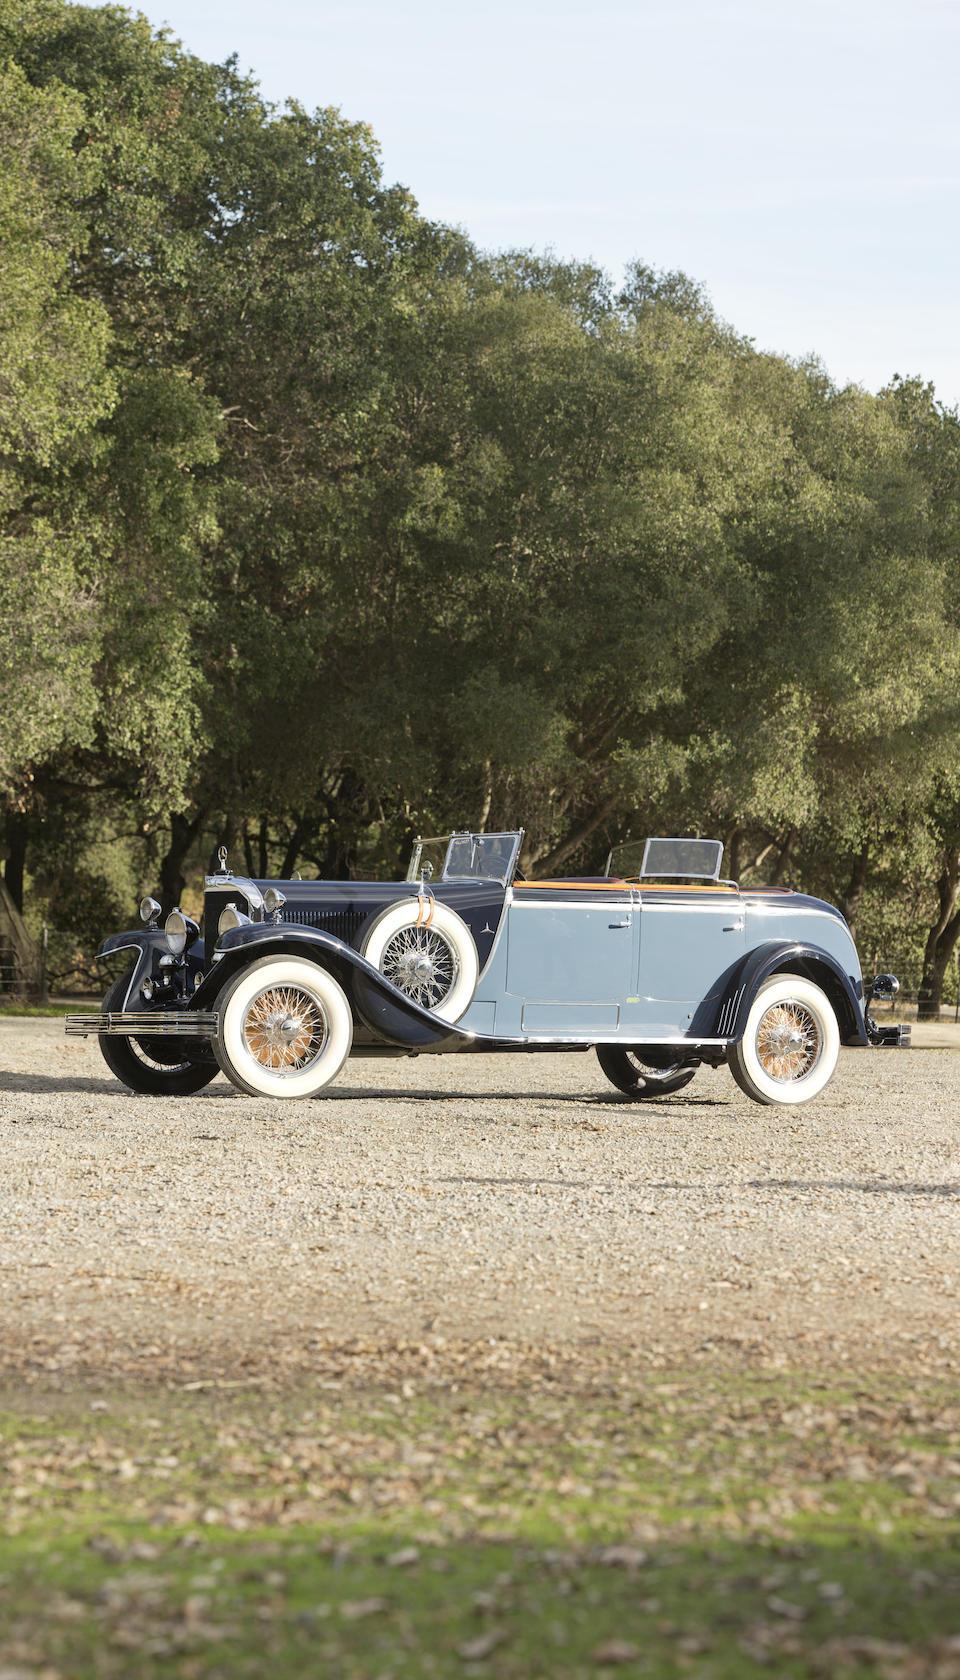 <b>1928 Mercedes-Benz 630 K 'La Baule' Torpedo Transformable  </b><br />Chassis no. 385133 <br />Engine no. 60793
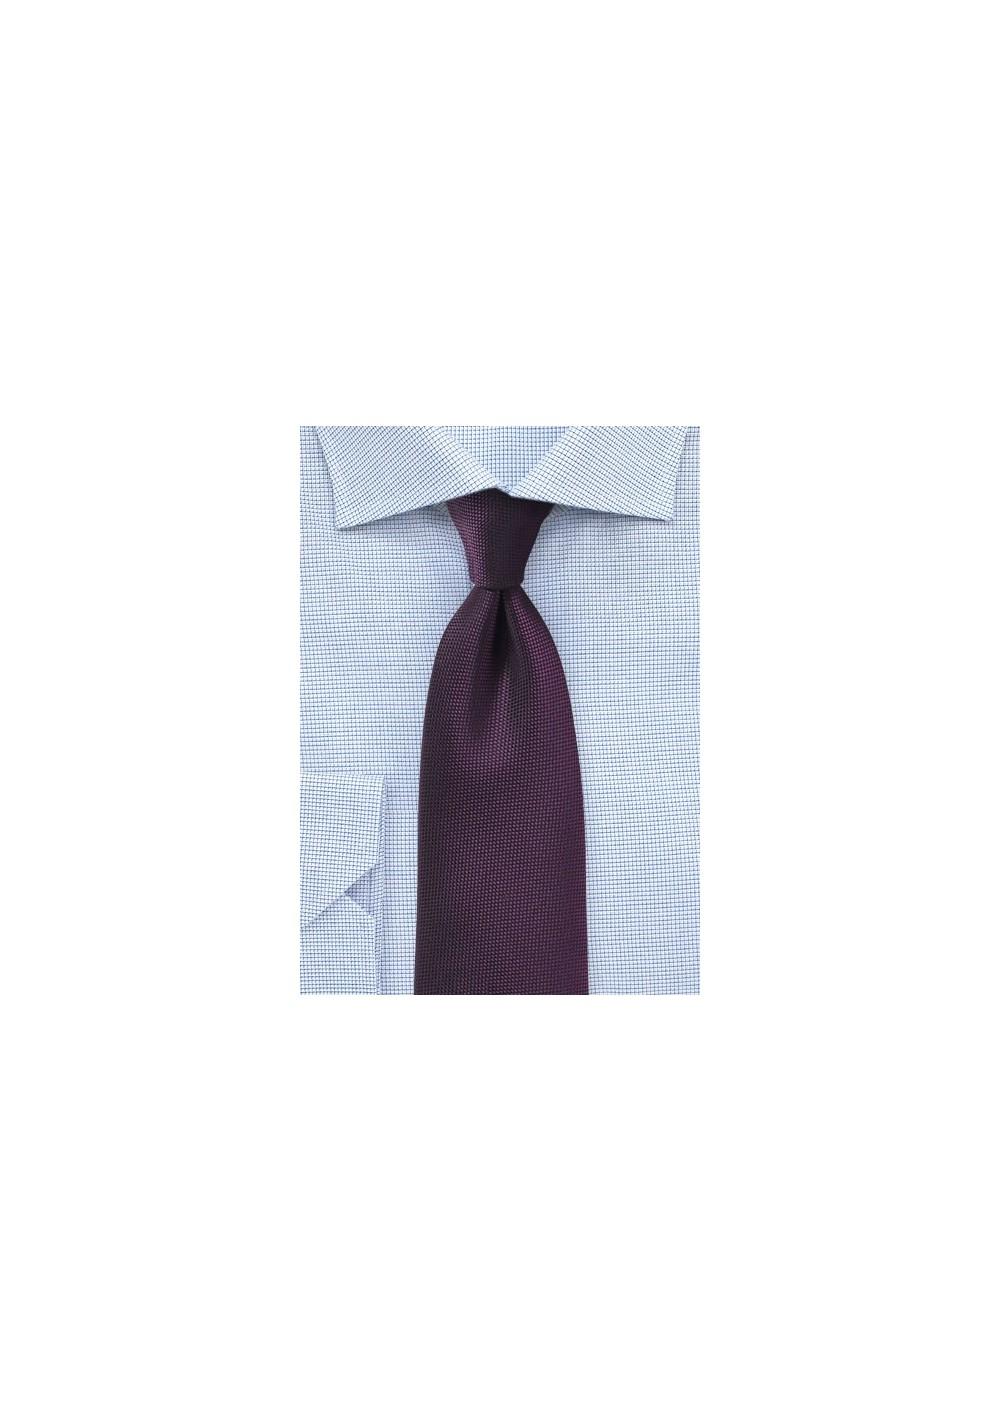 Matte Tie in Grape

++++++++++++++++++++

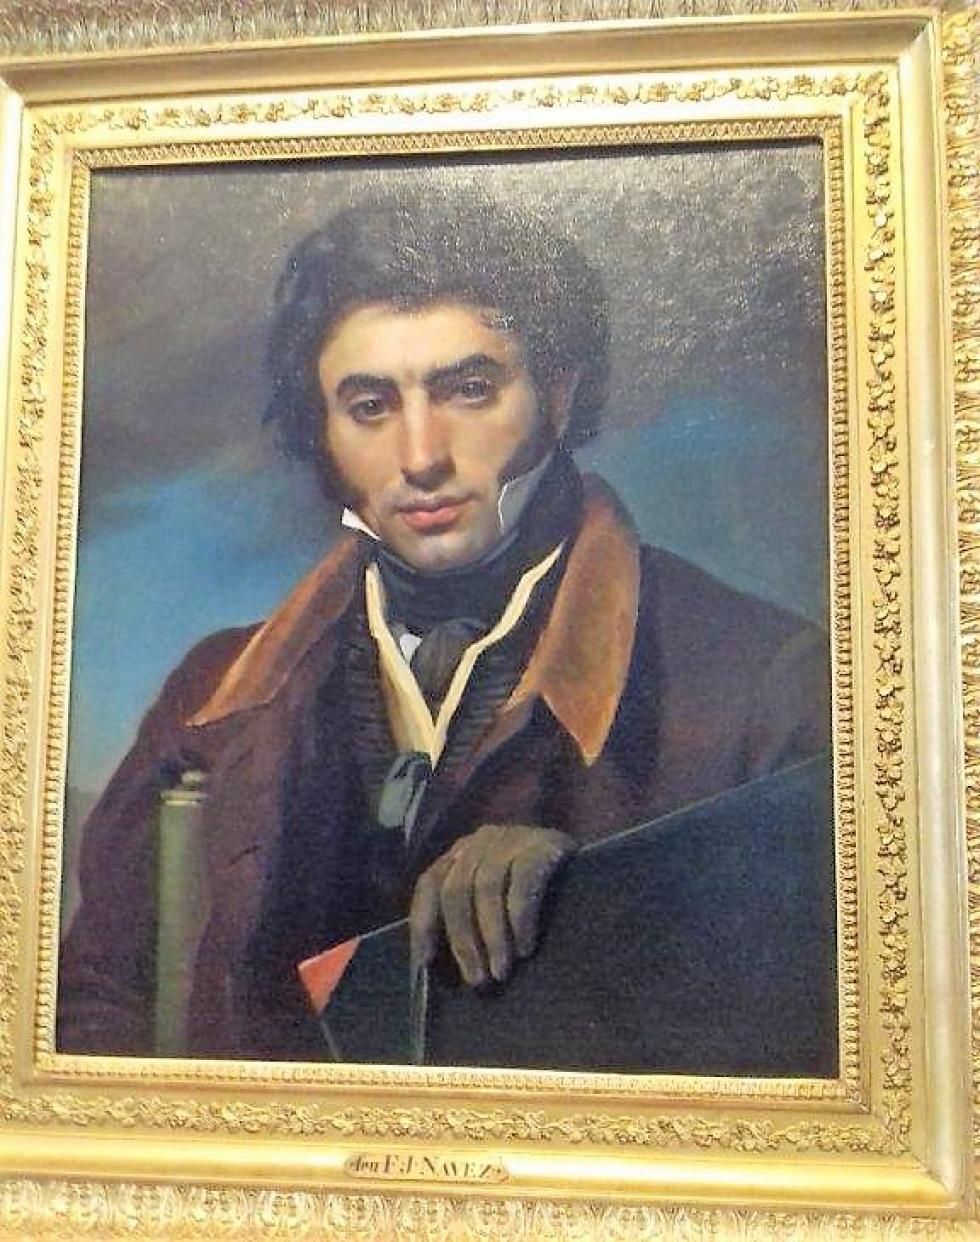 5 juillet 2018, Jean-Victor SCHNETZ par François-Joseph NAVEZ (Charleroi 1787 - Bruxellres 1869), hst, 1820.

++++++++++++++++++++

◆ **GOAL OF THE EXERCISE**
Set down word for word the lines above from the one with "<b>1928 Mercedes-Benz 630" up to and including the one with "Matte Tie in Grape". Omit every picture.

◆ **SOLUTION TO THE PROBLEM**
 <b>1928 Mercedes-Benz 630 K 'La Baule' Torpedo Transformable  </b><br />Chassis no. 385133 <br />Engine no. 60793
 Matte Tie in Grape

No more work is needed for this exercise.